There are several ways to automate this :
- static analysis ;
- emulation ;
- instrumentation ;
- debugging.
I attempted to emulate the code using Unicorn, but I encountered an issue where Unicorn would not properly handle XMM
registers. Plus, it also turned out that a valid unicorn script would take up too long to complete, since decryption process goes through quite a lot of instructions.
I gave up unicorn and tried miasm, but miasm cannot handle aesenc
/aesdec
instructions.
I ended up using gdb/peda to automate the execution.
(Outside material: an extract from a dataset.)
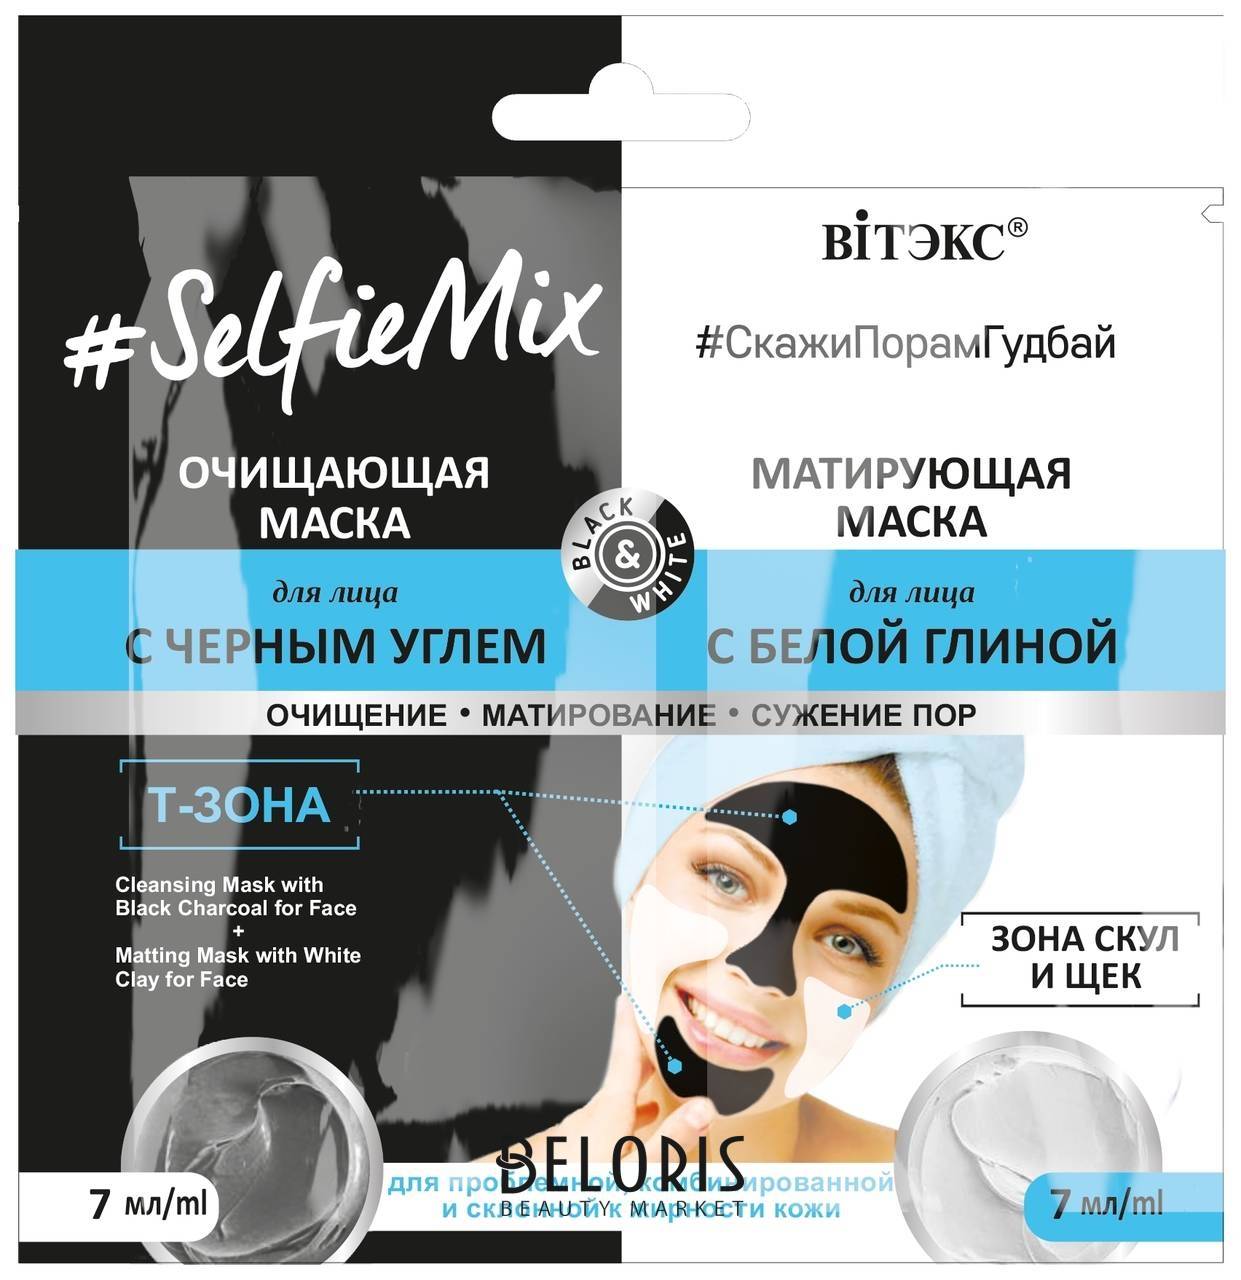 Очищающающая маска для лица с черным углем + матирующая маска для лица с белой глиной Selfiemix  Белита - Витекс Selfiemix

Here is the resulting script:
def parse_instruction(line) -> Tuple[str, str, str]:
line = line.split()
addr, instr, args = line[0][:-1], line[1], line[2] if len(line) > 2 else None
return addr, instr, args
def get_current_ins() -> str:
return peda.current_inst(peda.getreg("rip"))[1].split()[0]
def get_xmm(reg) -> int:
out = peda.execute_redirect(f'p ${reg}.uint128')
val = int(out.split()[2], 16)
if val == 0:
return 0
hexval = hex(val)[2:].zfill(32)
return int.from_bytes(bytes.fromhex(hexval), 'little')
def set_xmm(reg, bytes):
peda.execute(f'set ${reg}.v={hex(int.from_bytes(bytes,"big"))}')
def setup_bp_from_disassembly(relevant_instructions: list, ret_on_first_match = False):
rip = peda.getreg("rip")
out = peda.disassemble(hex(rip), hex(rip+0x200))
lines = out.splitlines()
for i, line in enumerate(lines):
addr, instr, args = parse_instruction(line)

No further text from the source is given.